Он усмехнулся, хотел сострить и не стал.
"Вам скучно?" – спросила она.
"Мне страшно".
"Вы стали откровенней".
"Нет, старей и трусливей. Посмотрите на то облако, оно походит на Бога с бородой, как его рисовали в советских газетах".
"Да!" – она рассмеялась.
"Вы пишите?" – зачем-то спросил он.
Сейчас же перестала смеяться: "Нет, не пишу… А вы?"
"Ерунду".
"И это честно?"
"Вполне. Я журналист".
"Я не верю".
"Дело ваше, – он прочертил по асфальту невидимый круг невидимой тростью. – Пойдемте в парк что ли".
Улыбнулась; раскрыла рот старинной похожей на большой кошелек сумочки. Скрябин внимательно посмотрел на галинину черную пачку.
"И вам?"
Он кивнул…
"Будем на ‘вы’?"
Как она говорит? Быстро, нет, не слишком быстро. Красиво тянет слово в начале фразы. Молчит глубоко, но внимательно. Ее рука, ее тонкая страшновато-белая кисть касается его кисти, созданной, как назло, для деревянной ложки, топора и широкого рукопожатия, – и каждое прикосновение, точно не в такт дергают невидимую струну, застает Скрябина врасплох. – "Скрябин, вам не кажется, что я вам нужна?" – "Как?" – "Прямо. Я всегда была вам нужна, и теперь…" – "Милая, я не верю в добрых привидений". – "Напрасно"…
"Как хотитьшь", – отвечал Скрябин. Затяжка одурманила, – Скрябину показалось, что он сейчас упадет, Скрябин пьяно посмотрел на пепельную головку сигареты, и тут все прошло.
"Твоя жена курит?" – как ни в чем небывало спросила она…

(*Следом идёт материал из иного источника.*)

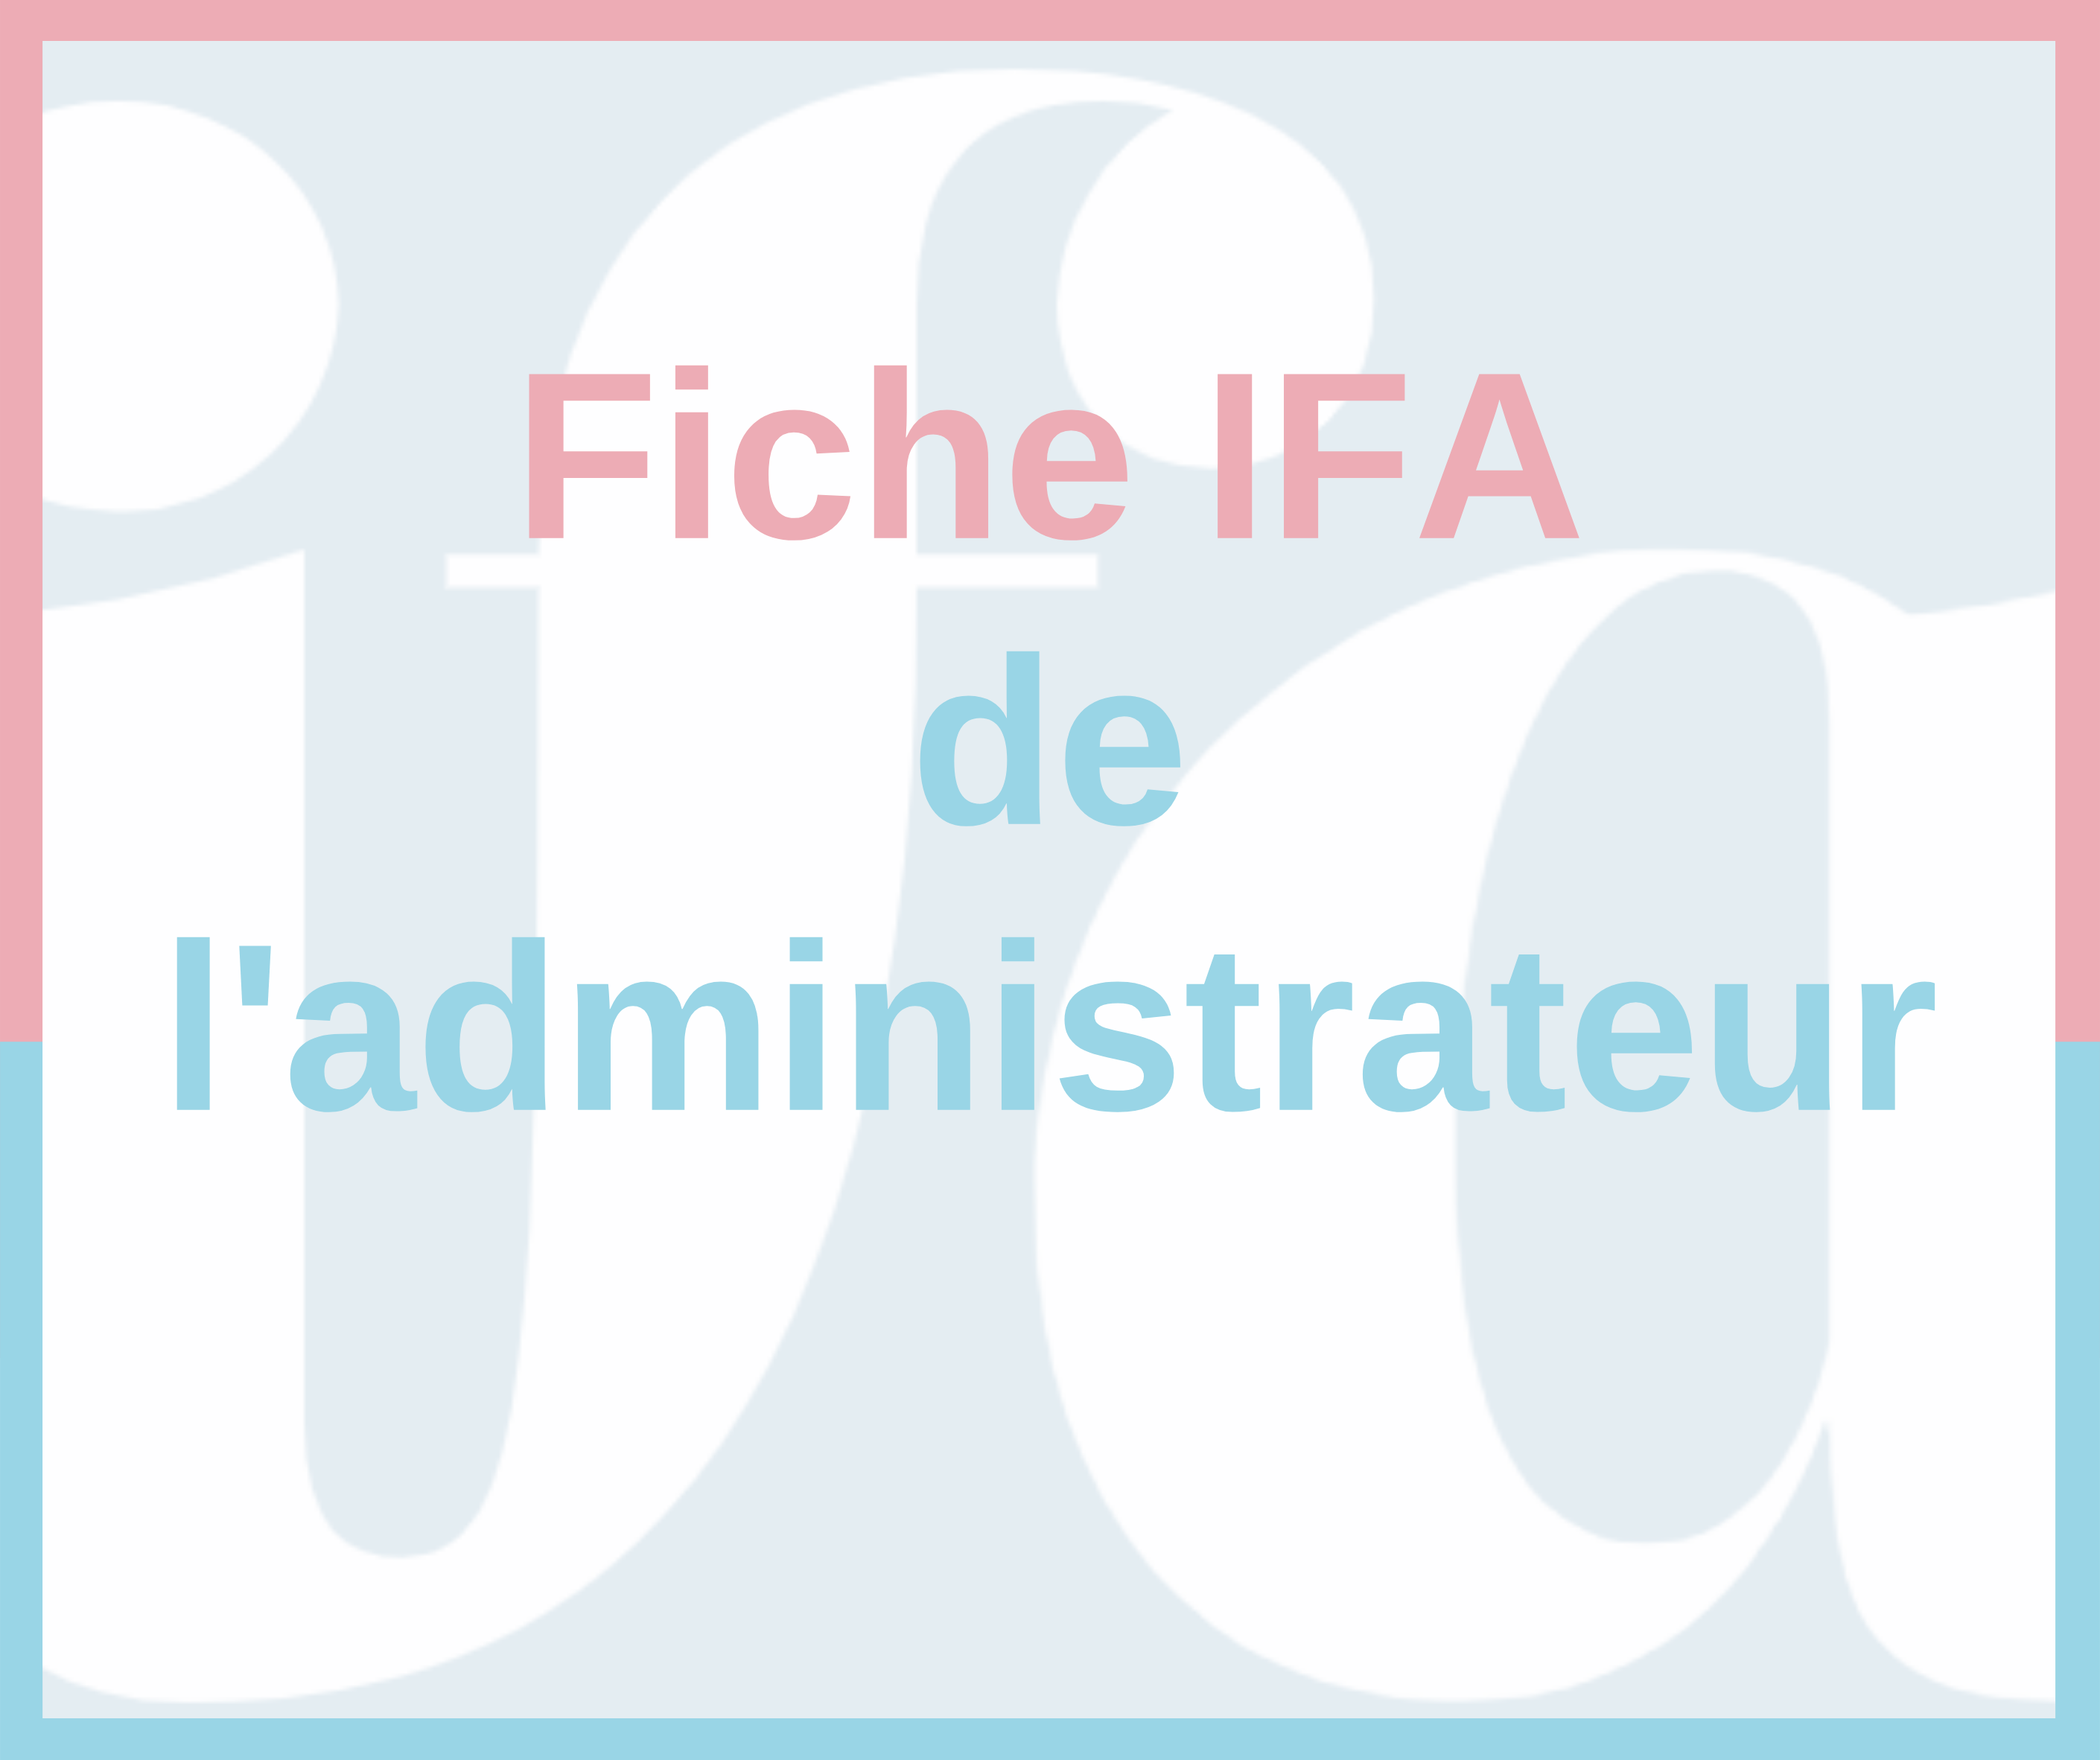 Fiche IFA - Les AG dans le contexte de crise sanitaire Covid-19

Стало светлей. Палисад акаций отделил широкие тропинки от высоченных оборванных ветром тополей, сквозь ветви которых небо казалось рваным; травы не было вовсе, – все покрыли листья, – и желтые всех оттенков, и бурые, и просто зеленые, – местами акацию сменял барьерный куст, уже облетевший и ставший хворостом, или краткая аллея бледно-золотых осин. Осенние живописные лужи, где нужно – посыпанные красно-белой шелухой, где нужно – свинцово-гладкие, вытянулись вдоль тропинки, иные – круглые, как китайские бронзовые зеркала, с листьями, которые пристали к их поверхности, будто горчичники, – обходили или же перескакивали, – Скрябин при этом подавал ей руку. Поваленный тополь, будто пьяный, лежал под ногами друзей… Вышли на озерцо – зеленовато-черный матовый овал, подернувшийся по берегам желтой пенкой; тугие голые ивы склонились, раздумывая: пить или не пить; за ивами стояли ранеты и, окружая озерцо, подобно толпе зевак, тополя – одна многоногая крона – бледная желтизна, прожженная, будто ржавчиной, темно-желтым, рыжим, красным. Мощные, как будто вылепленные чьей-то мощной рукой облака висели далеко, за лесом на фоне других облаков, серых и как будто размазанных по небу.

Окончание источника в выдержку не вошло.